Sandler, the son of late WBAL-AM traffic reporter “Detour” Dave Sandler, gushed Friday about DeCosta’s work in setting the Ravens up for 2023 and beyond.

“How EDC threaded the needle on all of this is a master class and he should be revered for his work,” he said.

Ravens coach John Harbaugh, who took a plunge four years ago and re-imagined his team around Jackson’s unique running and passing gifts, also wondered at times if a good thing — the Ravens are 45-16 when Jackson starts — was coming to an end.

“I didn’t know if it was going to work out with Lamar being there for sure; you just never know,” Harbaugh reflected when it was all done Thursday night. “You can’t know that, but I believed it would.”

He had said all along he wanted Jackson to remain the team’s centerpiece for years to come, reiterating his personal affection for the quarterback at every opportunity. Even though the result was in doubt, he said he never doubted the goodwill of both sides.

“That’s what I felt good about the whole way,” Harbaugh said. “I just felt like we were doing things the right way, and treating Lamar the right way and that it would work out one way or another.”

The standoff made perfect sense in many respects.

Jackson, an uncommon player who chose an uncommon approach by declining to hire an agent, wanted to secure generational wealth for his family.

The Ravens wanted to reward the 2019 NFL Most Valuable Player for his achievements, but without matching the outlier deal — five years, $230 million fully guaranteed — signed by quarterback Deshaun Watson with the Cleveland Browns before the 2022 season.

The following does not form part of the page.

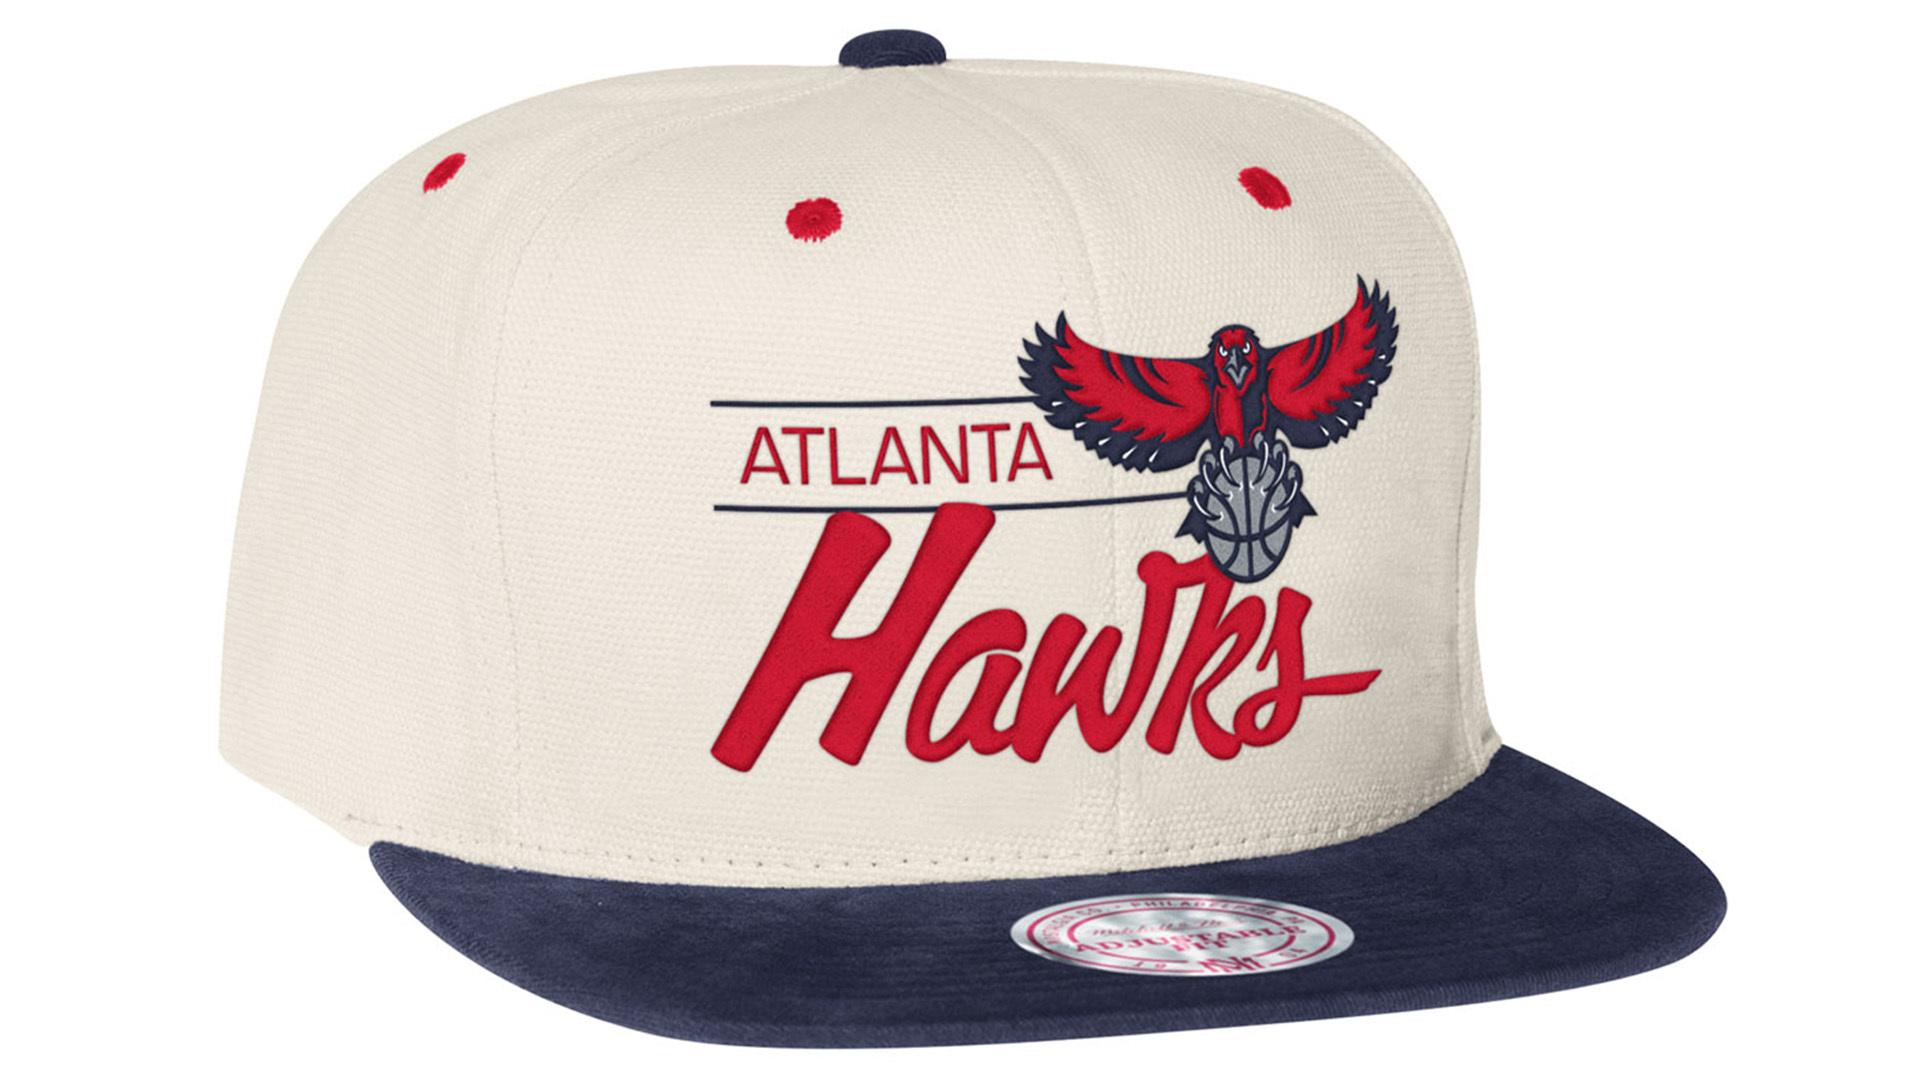 Atlanta Hawks Full Hd

The proud quarterback and the proudly disciplined franchise could not find middle ground as Jackson approached the end of his five-year rookie contract.

Negotiations could have been derailed by the emotions DeCosta referenced, said longtime NFL agent Leigh Steinberg, who has represented elite quarterbacks such as Troy Aikman, Steve Young and Patrick Mahomes.

“All parties have to be careful what they say and not personalize it,” Steinberg said. “In a situation where you have no agent, there’s no buffer, and things can easily explode.”

In that light, he praised Harbaugh for “always reaffirming his belief in Lamar.”

“The Ravens played all this perfectly,” Steinberg said. “Even though Lamar said in a tweet he wanted to be traded, this was too logical a marriage made in heaven to break down over the details of a contract.”

He does not expect Jackson’s experience (and successful negotiations by other players such as Ravens linebacker Roquan Smith) to embolden a wave of star players to represent themselves: “I don’t think another player will look at that [negotiation] as being smooth and harmonious. As brave as players are on the field, most are conflict-averse in the rest of their lives.”

DeCosta acknowledged that he felt a great weight lift when he received Jackson’s text and the end of their standoff was in sight.

“Hopefully — honestly, I have to say — I hope I never have to be a part of that type of negotiation again,” he said as the clock pushed past midnight on his day of jubilee, “because of the time, because of the emotional aspect, because Lamar is such a special player and what that means to our club and to this city.”